All mammalian life begins as a single cell. During the course of development, this single cell is transformed into a multicellular embryo comprising of an entire repertoire of cell-lineages. Defects in the formation of any of these lineages lead to developmental anomalies and can even be detrimental in some cases. My research focuses on understanding how the first few cell-lineages of life arise from common progenitor populations, in the very early mouse embryo. By employing genomics assays my research aims to decipher how transcription factors regulate the genome to orchestrate the timely and accurate emergence of cell-lineages during embryonic development.
Jarred Whitlock, PhD
“Resolving the mechanism of osteoclast multinucleation and signaling in bone remodeling”
Bones are living tissues, continuously remade on-site by teams of multinucleated osteoclasts that resorb old bone and osteoblasts that deposit new bone.
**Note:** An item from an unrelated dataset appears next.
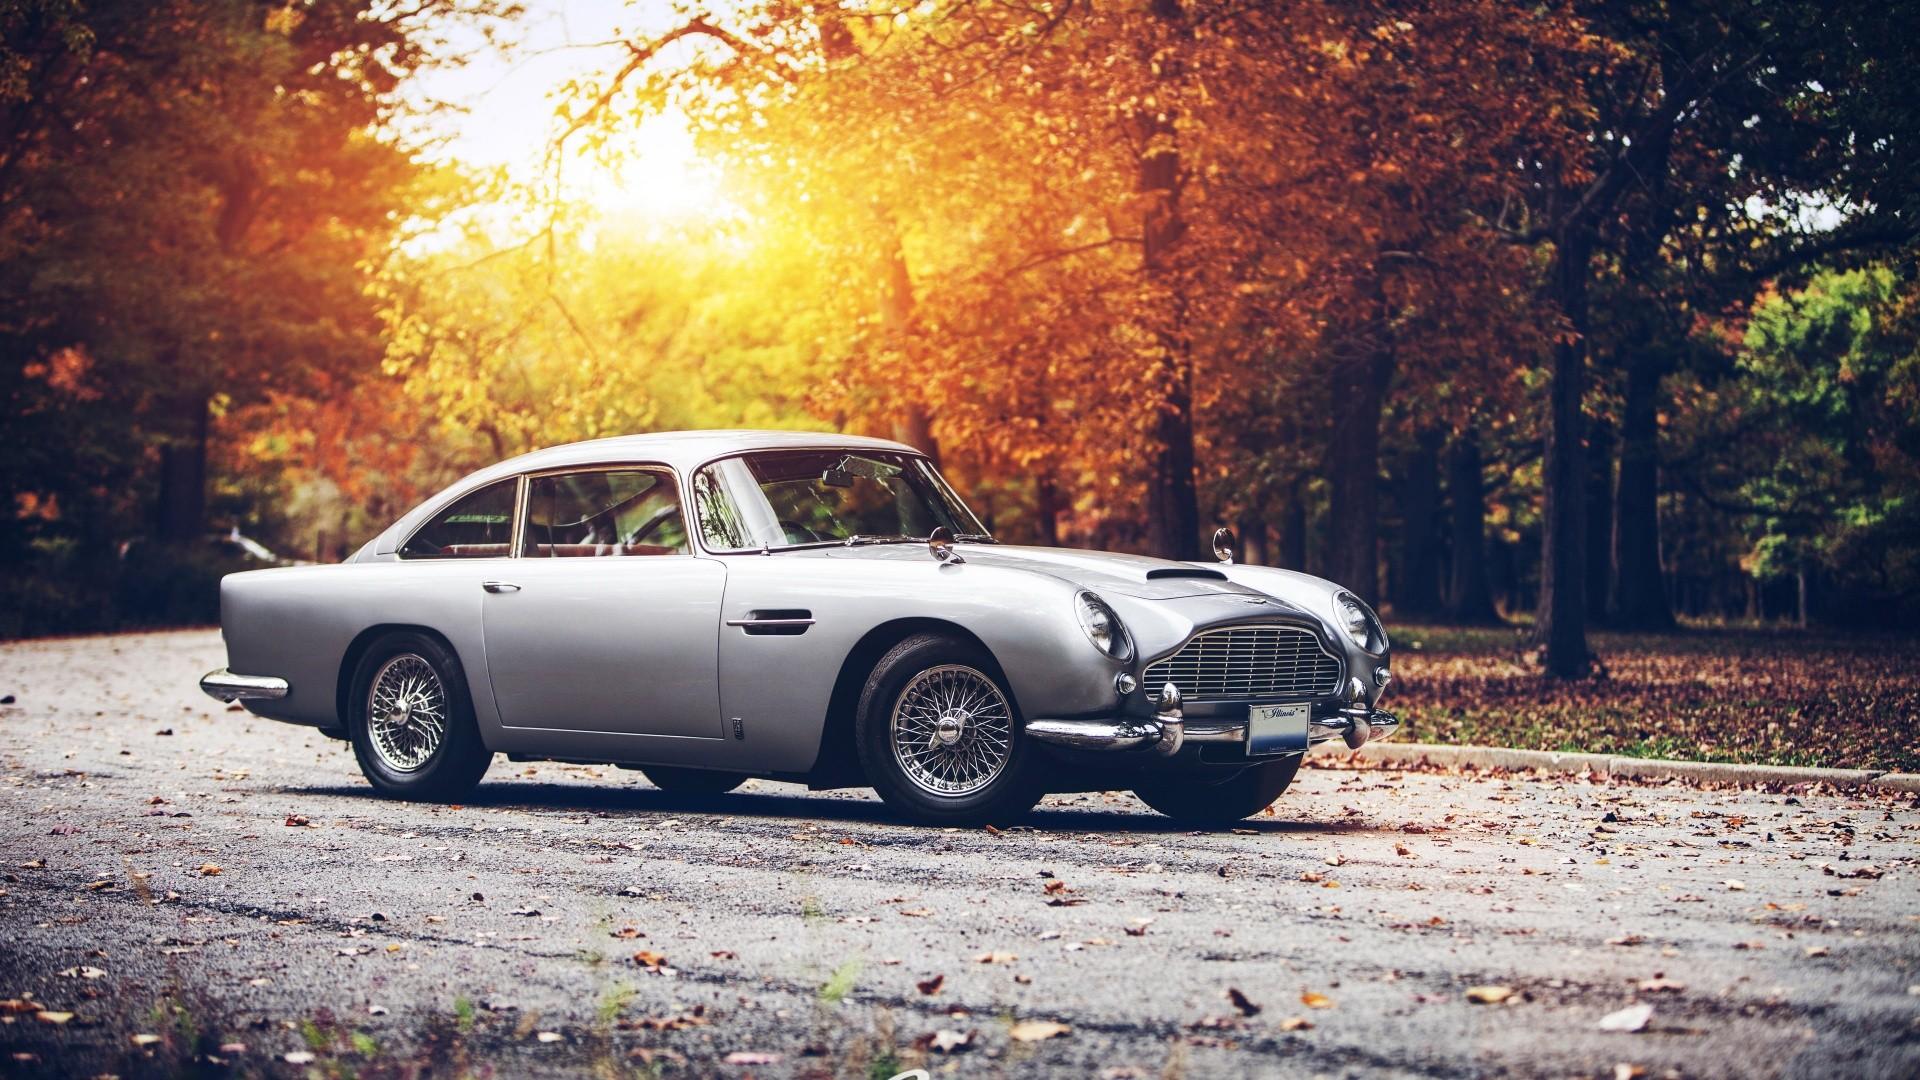 Wallpaper 1920x1080 Px Aston Martin Db5 Bond Cars Car James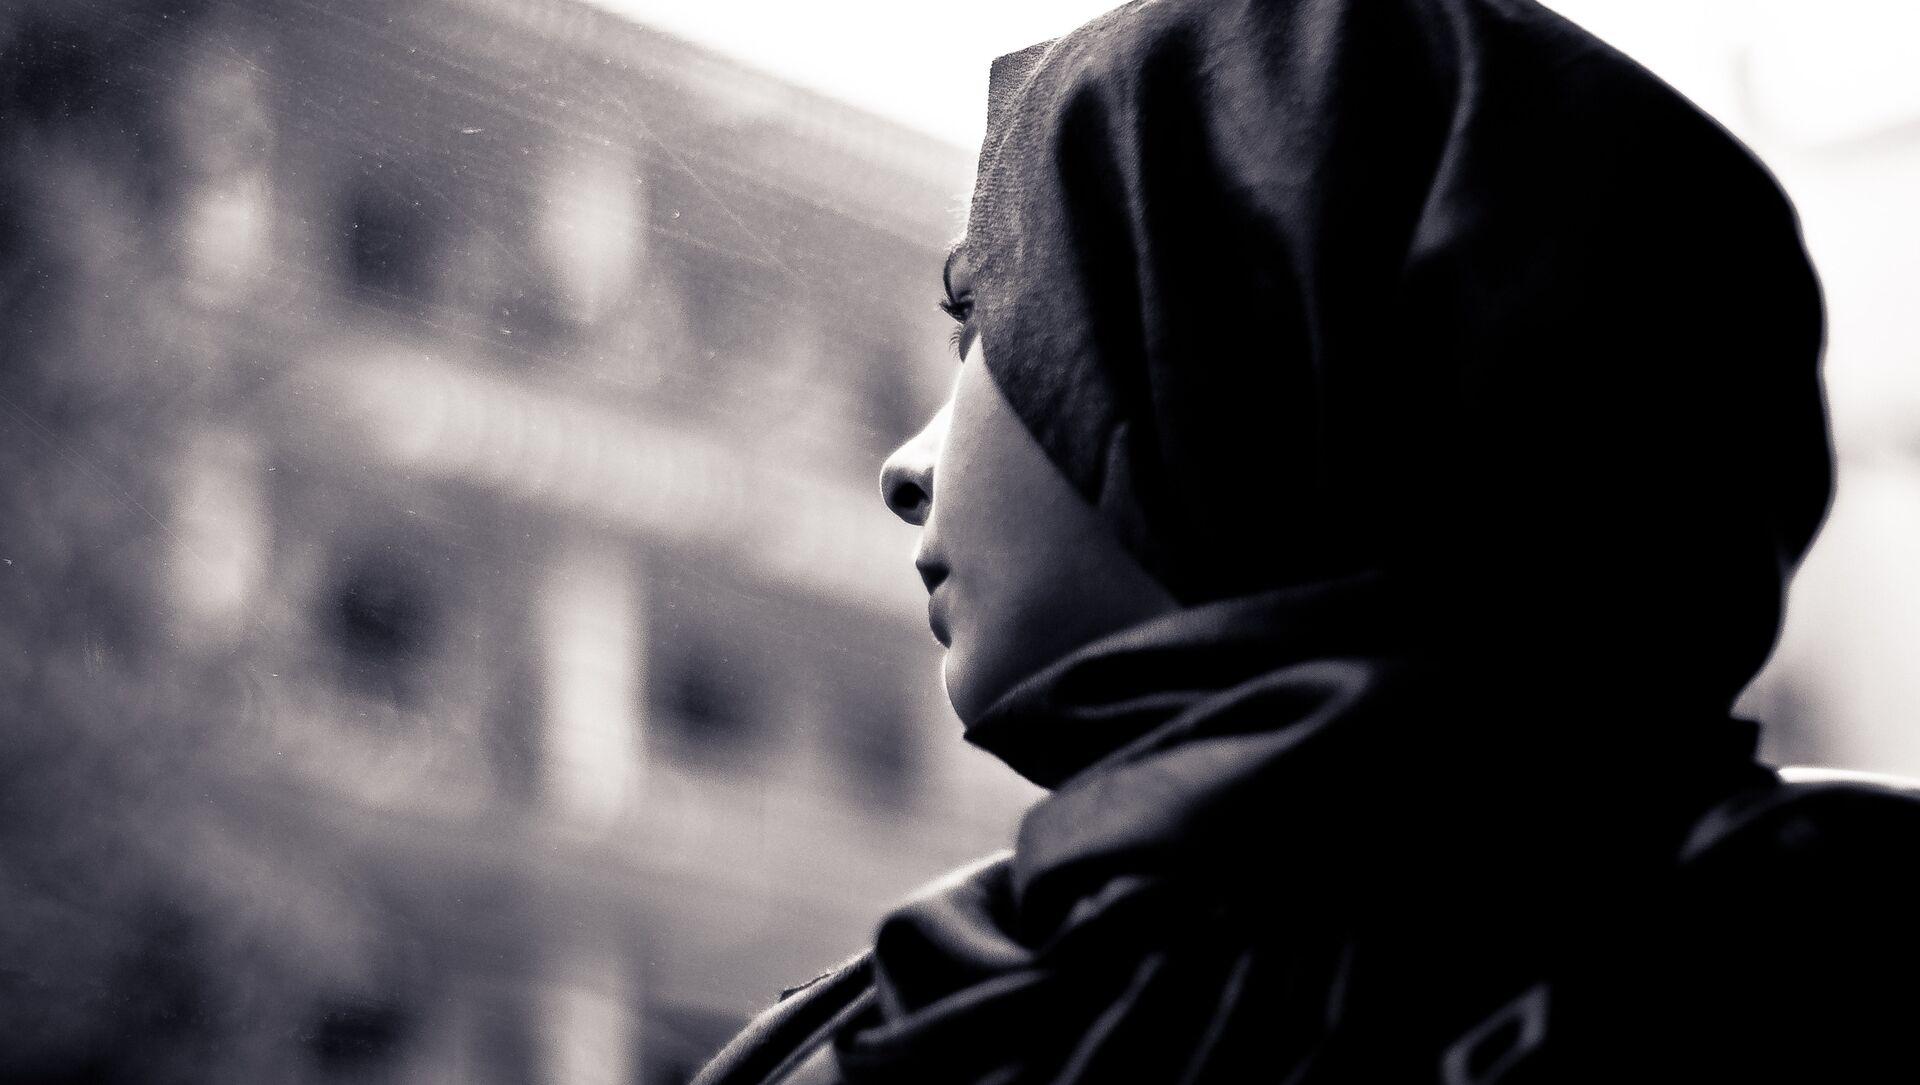 Una donna che indossa un hijab - Sputnik Italia, 1920, 11.04.2021

The number of nuclei within a multinucleated osteoclast determines its resorption capacity, and many skeletal pathologies—such as fibrous dysplasia, osteopetrosis, osteoporosis, and metastatic bone disease—are underpinned by perturbations in the number/size of osteoclasts, resulting in skeletal dysfunction in more than 200 million individuals. Gaps in our fundamental understanding of how osteoclasts form, function, and coordinate with osteoblasts to maintain skeletal integrity have stymied the identification of novel, targeted therapies. My lab will uncover a mechanistic understanding of how osteoclasts form, function, and coordinate with osteoblasts by exploiting a protein manager of osteoclast formation and rare disease models as guides. Filling these fundamental gaps in the understanding of skeletal biology will provide a battery of mechanistic targets to tune osteoclast function, promote bone regeneration, and address the growing metabolic skeletal pathology in our aging population.
Shu Yang, PhD
“How does the GATOR2 complex regulate lysosomal functions?”
Lysosomes are central to metabolic homeostasis. They are the main organelles that break down macromolecules to provide nutrients such as amino acids for cell growth. Lysosomes protect cells by digesting excess or unwanted cell parts. They also destroy invaded pathogens such as bacteria or viruses and help to trigger programmed cell death under certain conditions. Lysosomal functions and physiology are tightly controlled by upstream signaling pathways. The MiT/TFEs transcriptional factor family promotes the transcription of a program of lysosomal and autophagic genes and is often deregulated in cancer. I discovered that the GATOR2 complex, an activator of the metabolic regulator TORC1, maintains lysosomal function by protecting MiT/TFEs from proteasomal degradation independent of TORC1 signaling. I determined that in GATOR2 knockout cells, members of the MiT/TFEs family are degraded by the proteasomes, resulting in lysosome dysfunction. Additionally, I demonstrated that the GATOR2-dependent regulation of MiT/TFEs is conserved in pancreatic ductal adenocarcinoma and in translocation renal cell carcinoma and has roles in promoting the growth of those cancer cells. My research interest is to investigate the detailed mechanisms of this GATOR2-dependent regulation of MiT/TFEs, and how this pathway affects cancer metabolism.